« Un procès de la honte» selon Me Dadjé
L’audience a été suspendue très tôt ce matin à deux heures (GMT) pour reprendre cet après-midi aux environs de 15 h 30. A l’ouverture c’est en quelque cinq minutes que la décision du juge a été rendue. Le président de la Cour, Dembélé Tahirou, en l’absence des six jurés, a jugé la requête des avocats de l’Etat recevable. Dans celle-ci, Me Soungalo Coulibaly et ses pairs avaient requis la somme de 2 mille milliards de FCFA (3 milliards d’Euros) à titre de dommages et intérêts. Le juge tout en trouvant la requête fondée et recevable, a tout de même indiqué que le montant est « excessif » et qu’il faut le ramener à des « proportions raisonnables ». Aussi a-t-il fixé la somme de 965 milliards de FCFA (1,4 milliard d’euros) que les condamnés doivent verser à l’Etat. Toutefois aucune précision n’a été faite quant à savoir si les condamnés sont tenus de payer ce montant « solidairement » comme l’avaient demandé les avocats de l’Etat dans leur plaidoirie.

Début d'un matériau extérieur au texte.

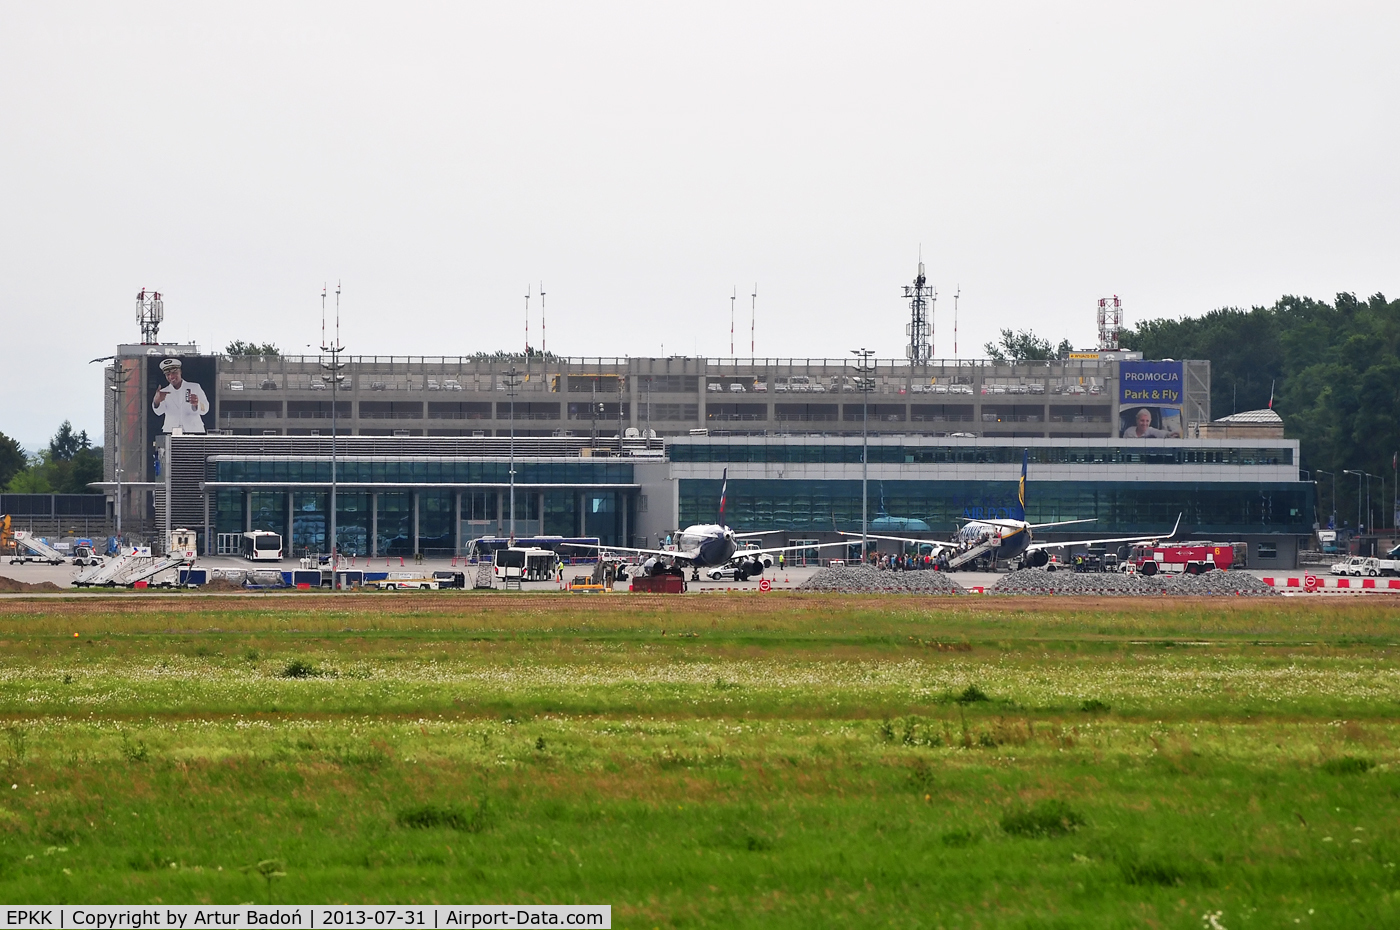 John Paul II International Airport Kraków-Balice, Kraków Poland (EPKK) - Terminal

Jugeant ce verdict, l’avocat de Simone Gbagbo, dépité et désarçonné par ce qu’il venait d’entendre, n’a pas mâché ses mots pour dénoncer un jugement sans précédent, à ne même pas ‘’faire figurer dans les annales’’ de la justice ivoirienne. Puis Me Rodrigue Dadjé de contre-attaquer en ces termes : « Dans ma jeune carrière d’avocat c’est la première fois que j’assiste à un procès aussi honteux et scandaleux. Toutes les décisions sont honteuses et scandaleuses. La condamnation d’hier est scandaleuse. Il n’y a pas de faits, il n’y a pas de preuves mais il y a quand même eu condamnation. Aujourd’hui encore, l’Etat de Côte d’Ivoire n’a produit aucun document pour justifier son préjudice. Sur quels éléments de preuves sont adossés les 965 milliards ? En termes de dommages et intérêts il faut apporter le lien qui existe entre le dommage causé et le montant fixé. C’est la plus grande honte de la Côte d’Ivoire et on devrait déchirer cette décision parce que si elle apparaît dans les annales judiciaires de la Côte d’Ivoire, ce sera une grande honte. Dans tous les pays du monde, il n’est pas possible de fixer une condamnation sans justifier le préjudice subi. Il n’y a plus de justice indépendante en Côte d’Ivoire. Le pouvoir politique a décidé. Que pouvons-nous faire ? »
Notons que pour sa part, la partie civile représentée par les avocats de l’Etat s’était dit satisfaite du verdict prononcé tôt ce matin à 2 h GMT. Pour Me Soungalo, cette décision se justifie et elle permet à l’Etat d’avoir les moyens pour réparer les préjudices subis pendant la crise postélectorale. Dans sa plaidoirie, il avait indiqué que compte tenu des destructions, l’Etat s’était endetté à hauteur de 300 milliards pour entamer la reconstruction. Il avait ajouté qu’un rapport du Bureau d’étude technique et de développement (Bnetd) évaluait le préjudice à 965 milliards de FCFA. C’est certainement sur la base de ce rapport que le juge a fixé le montant des « dommages et intérêts ». reste à savoir comment les condamnés s’y prendront pour payer la somme tout de même exorbitante pour quelque 65 personnes condamnées. Va-t-on vers la saisie de leurs biens et comptes ? On en saura un peu plus après le pourvoi en cassation dont le délai de cinq (5) jours court encore.